» Your goal
Restate the whole listing below word for word and keep the images out.

:: Source material ::

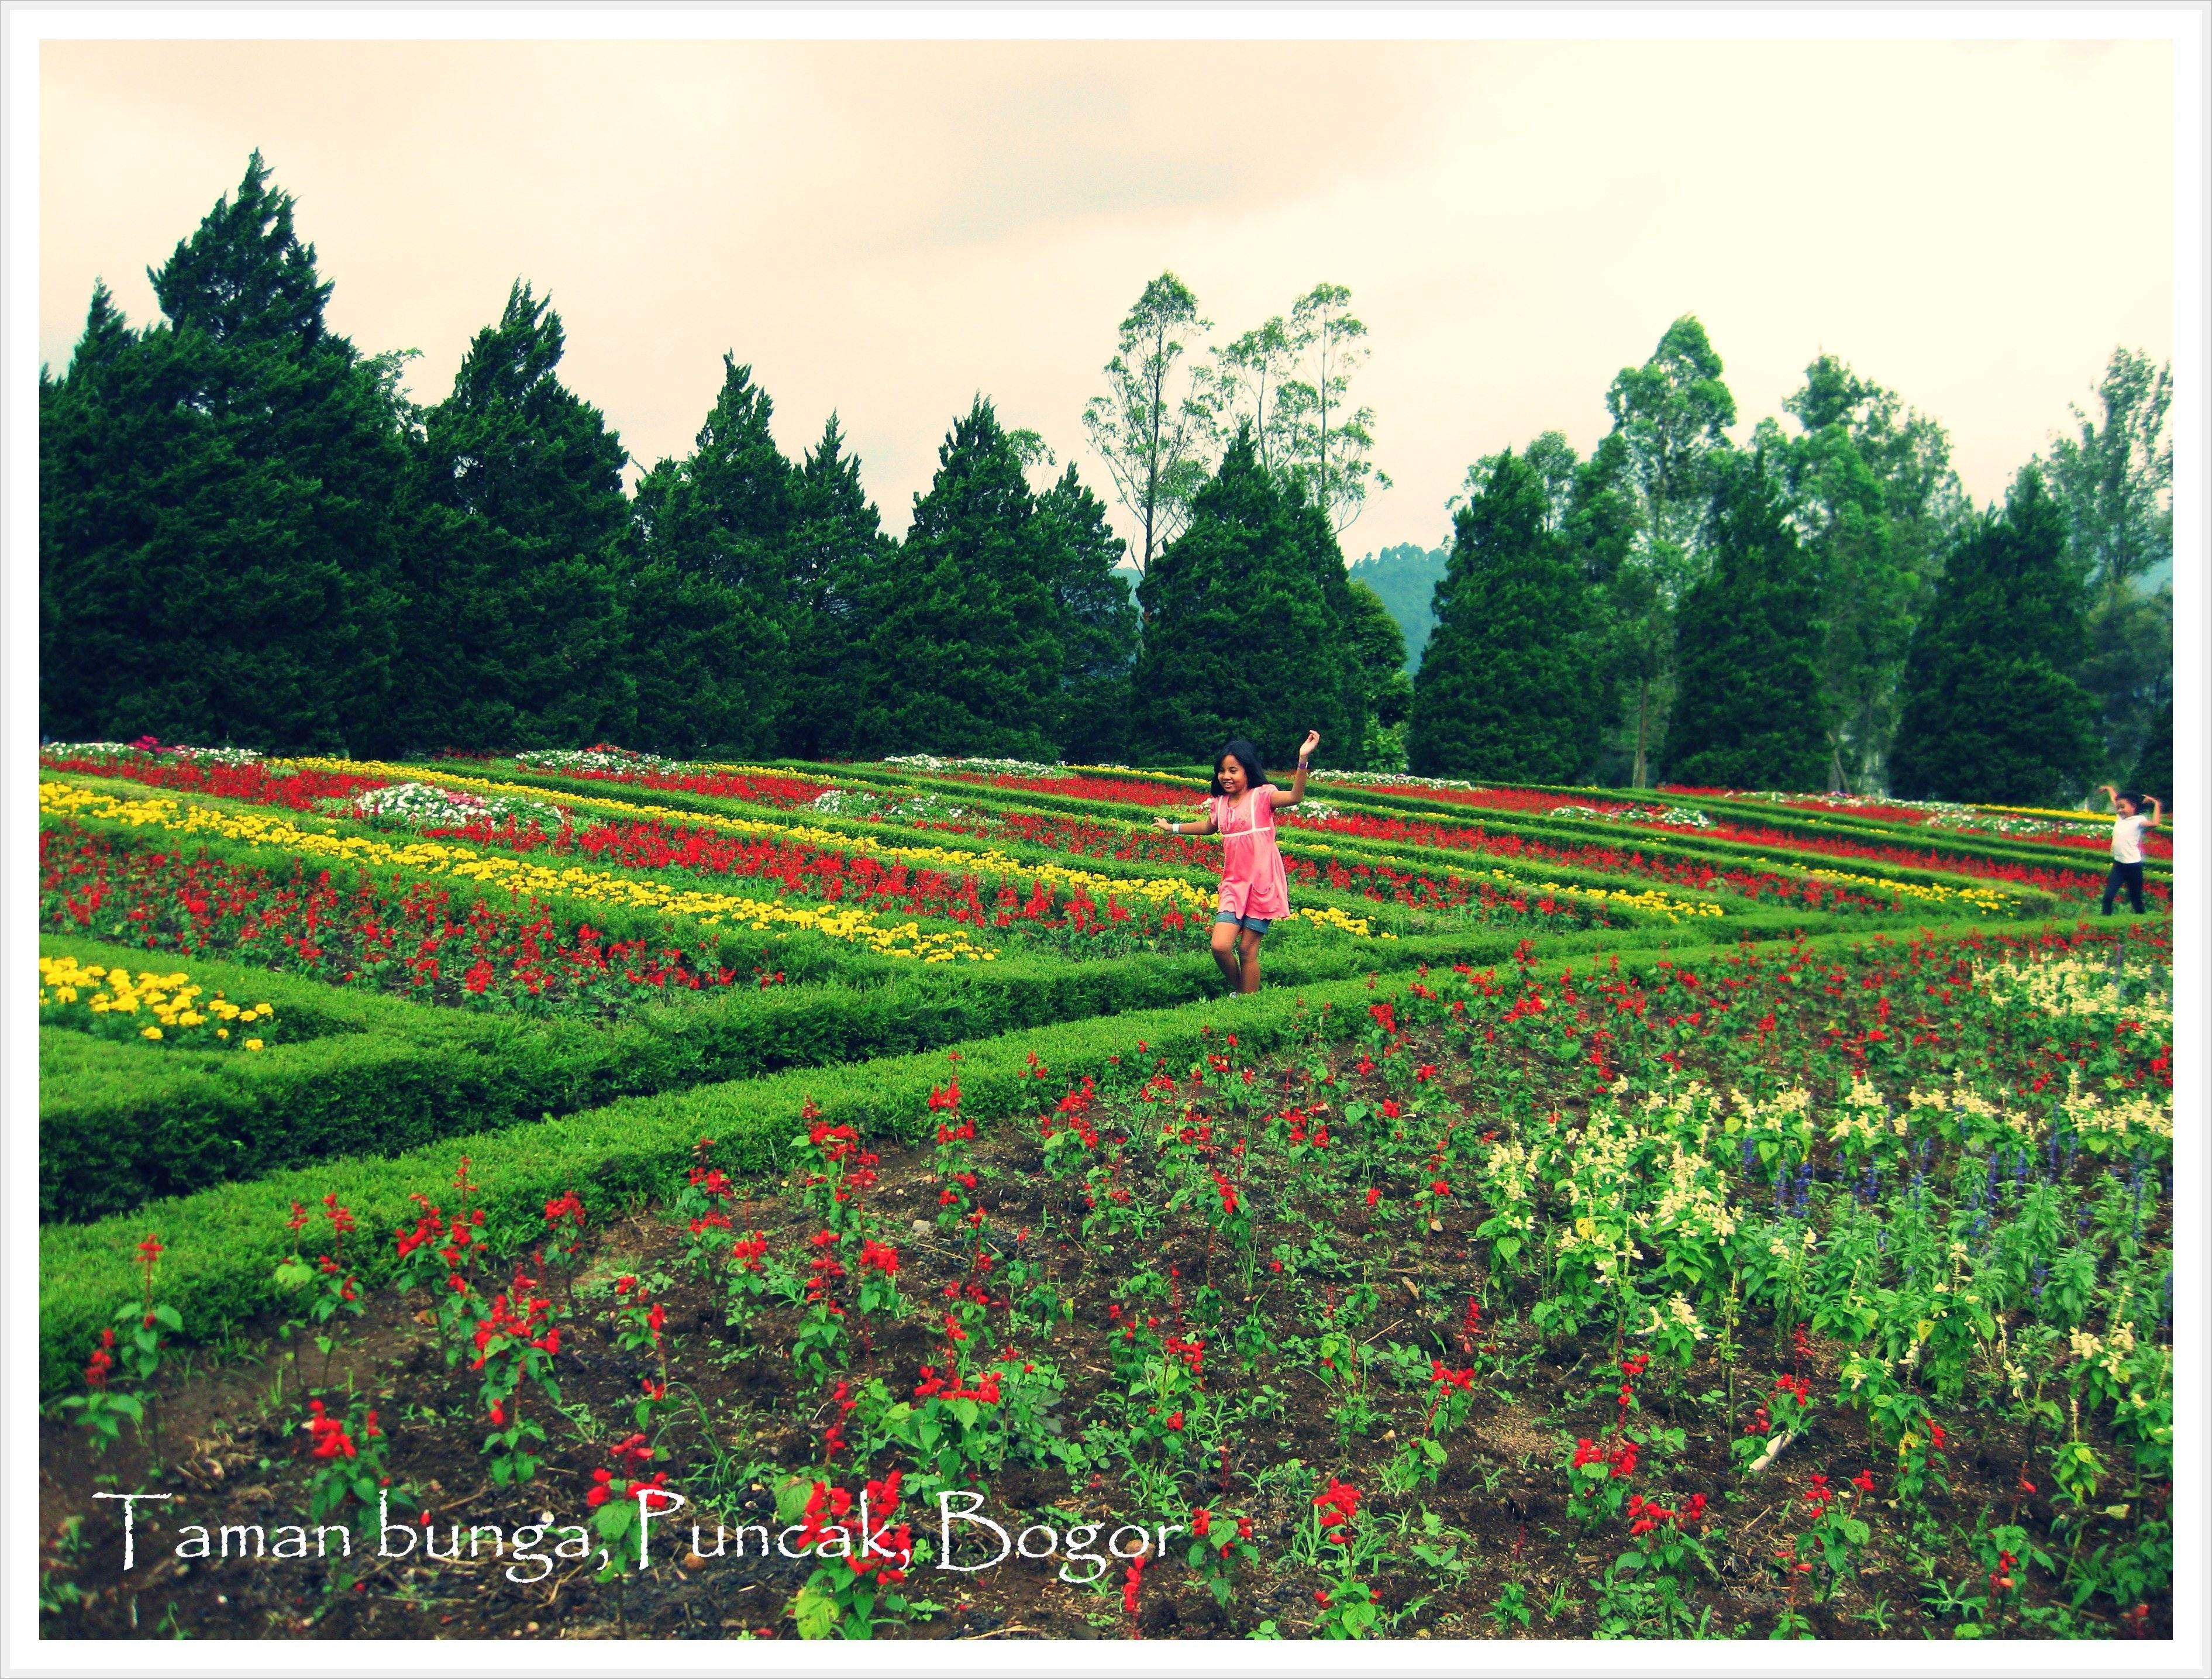 Taman Bunga Bogor Photo
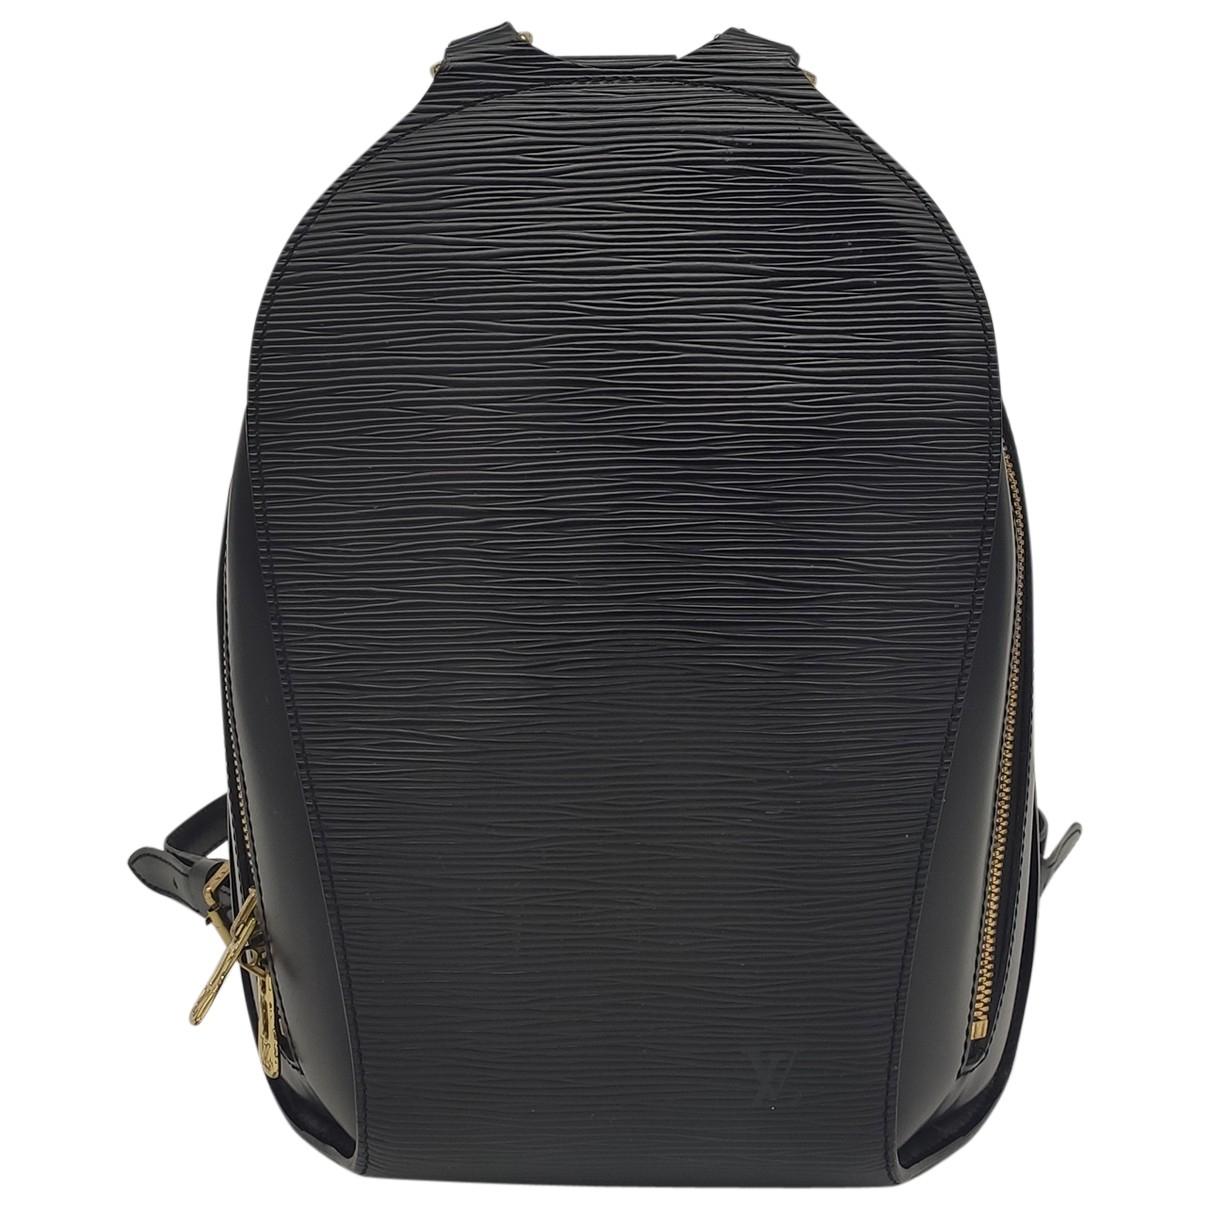 Louis Vuitton - Sac a dos Mabillon pour femme en cuir - noir
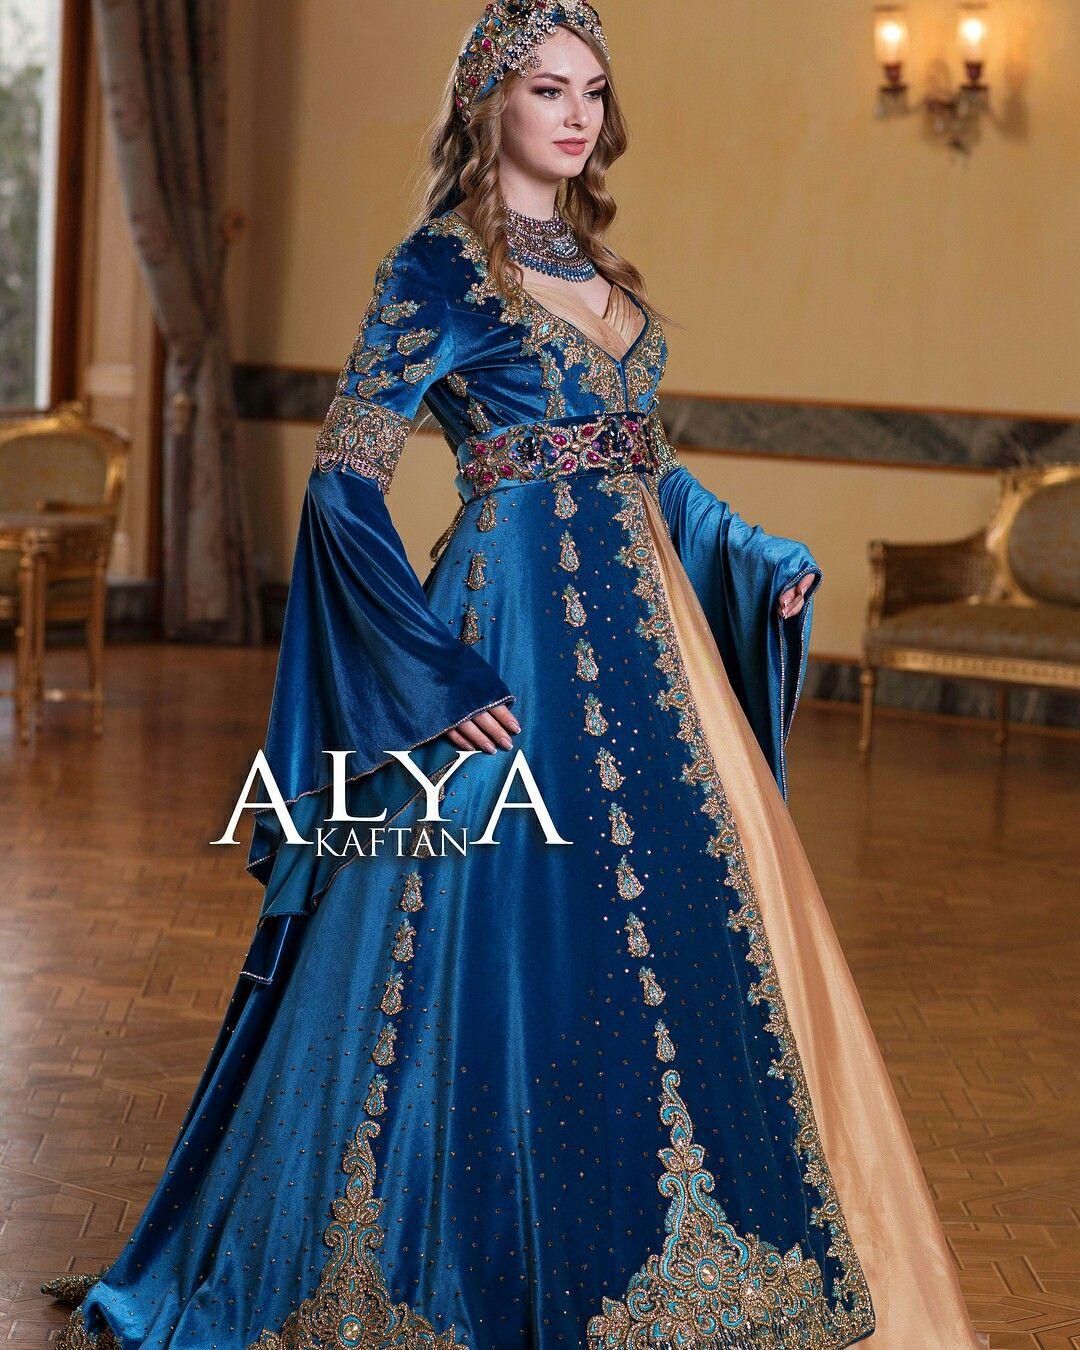 Pin By Betul Bakac On En Guzel Kaftan Modelleri Fantasy Gowns Gowns Moroccan Fashion

:::

» Result
 Taman Bunga Bogor Photo
 Louis Vuitton - Sac a dos Mabillon pour femme en cuir - noir
 Pin By Betul Bakac On En Guzel Kaftan Modelleri Fantasy Gowns Gowns Moroccan Fashion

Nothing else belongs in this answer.